Concurrent TMS-fMRI with full sessions of neuronavigated iTBS (i.e. 600 pulses) of the left dorsolateral prefrontal cortex (DLPFC) was investigated in 18 healthy participants. In addition, we conducted four TMS-fMRI sessions in a single patient on long-term maintenance iTBS for bipolar depression to test the transfer to clinical cases.

RESULTS

Concurrent TMS-fMRI was feasible for iTBS sequences with 600 pulses. During interleaved iTBS-fMRI, an increase of the BOLD signal was observed in a network including bilateral DLPFC regions. In the clinical case, a reduced BOLD response was found in the left DLPFC and the subgenual anterior cingulate cortex, with high variability across individual sessions.

CONCLUSIONS

Full iTBS sessions as applied for the treatment of depressive disorders can be established in the interleaved iTBS-fMRI paradigm. In the future, this experimental approach could be valuable in clinical samples, for demonstrating target engagement by iTBS protocols and investigating their mechanisms of therapeutic action.

摘要

背景

左前额叶间歇性 theta 爆发刺激(iTBS)已成为一种安全有效的经颅磁刺激(TMS)治疗方案,用于治疗抑郁症。尽管 iTBS 后的网络效应已得到广泛研究,但对目标参与的更深层次的机制理解仍处于起步阶段。在这里,我们研究了一种新型的集成 TMS-fMRI 设备和加速回波平面成像协议的可行性,以直接观察完整 iTBS 治疗过程的即时效果。
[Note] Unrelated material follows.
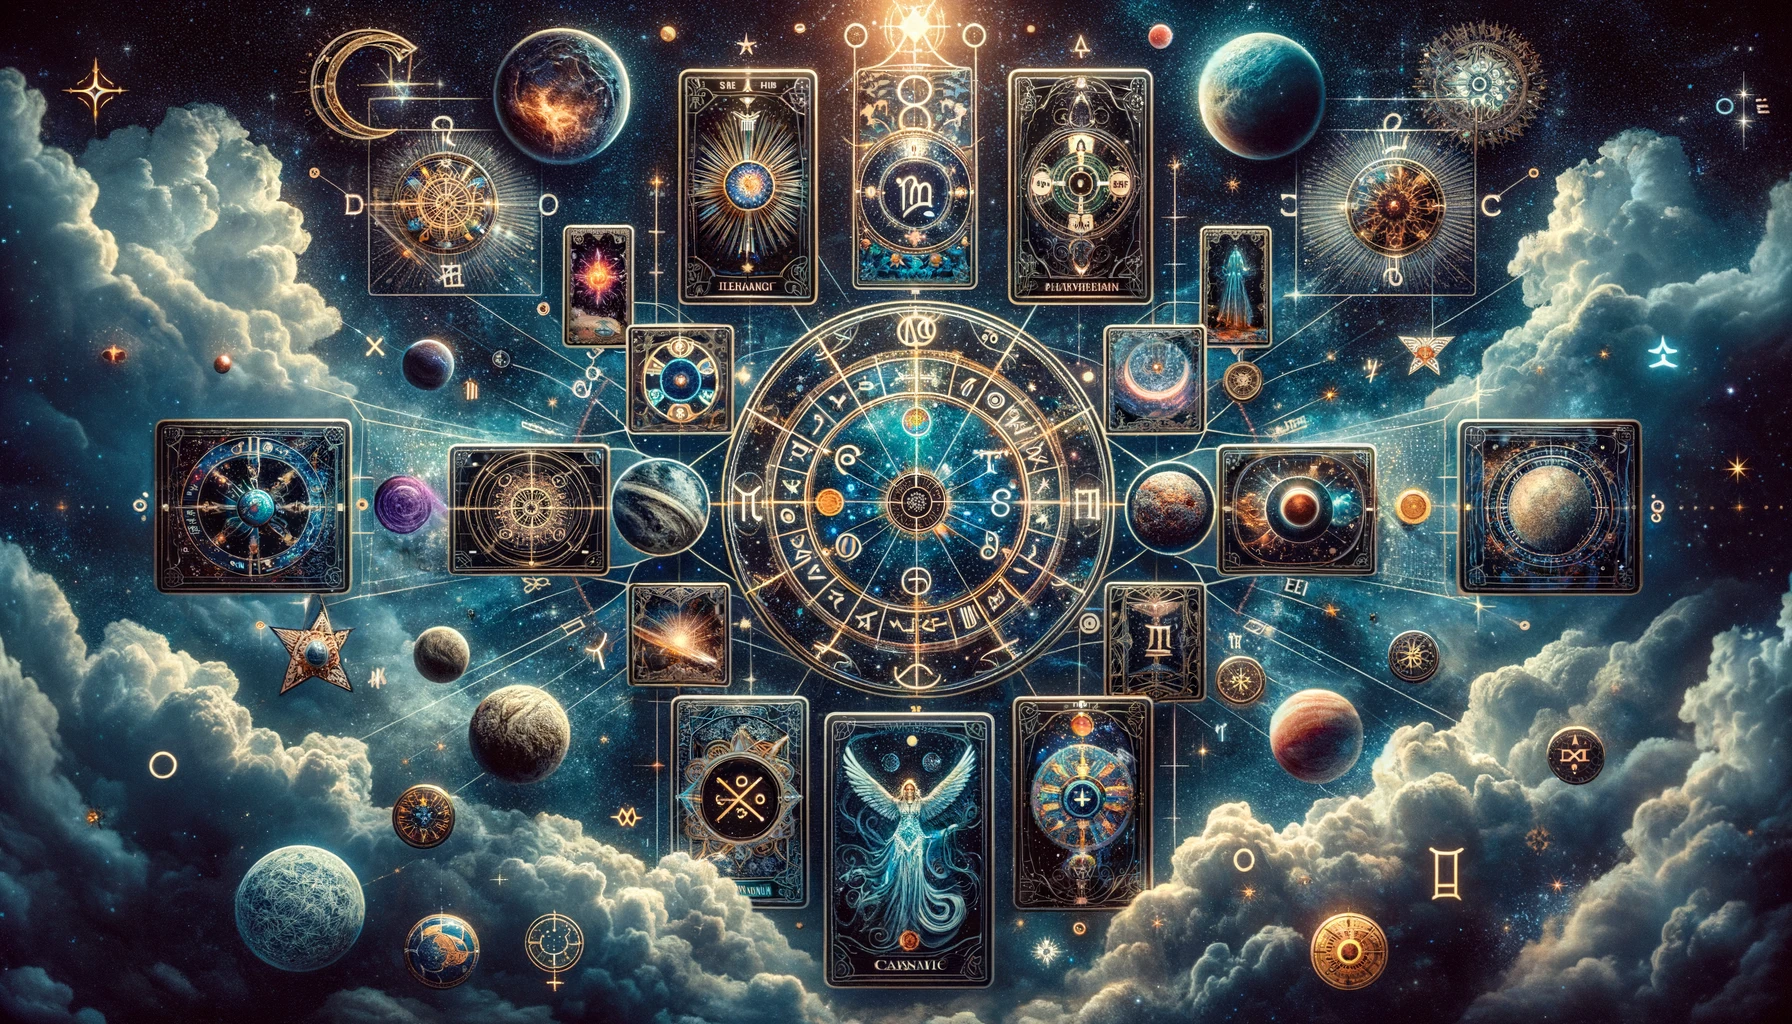 An intricate image of a celestial themed tarot spread with zodiac symbols planetary icons and a starry backdrop. The tarot spread is elaborately lai

目的/假设:在探索交错 iTBS-fMRI 的可行性的过程中,我们假设 TMS 将在刺激区域和相互连接的神经区域中引起急性 BOLD 信号变化。

方法

对 18 名健康参与者进行了全序列导航 iTBS(即 600 个脉冲)左背外侧前额叶皮质(DLPFC)的同步 TMS-fMRI 研究。此外,我们在一名长期接受 iTBS 治疗的双相抑郁症患者中进行了四次 TMS-fMRI 研究,以测试向临床病例的转化。

结果

600 个脉冲的 iTBS 序列的同步 TMS-fMRI 是可行的。在交错 iTBS-fMRI 期间,观察到一个包括双侧 DLPFC 区域的网络中的 BOLD 信号增加。在临床病例中,左侧 DLPFC 和扣带回前下皮质的 BOLD 反应减少,个体治疗过程中的变异性很大。

结论

用于治疗抑郁症的完整 iTBS 疗程可以在交错 iTBS-fMRI 范式中建立。在未来,这种实验方法在临床样本中可能具有重要价值,可用于证明 iTBS 方案的目标参与,并研究其治疗作用的机制。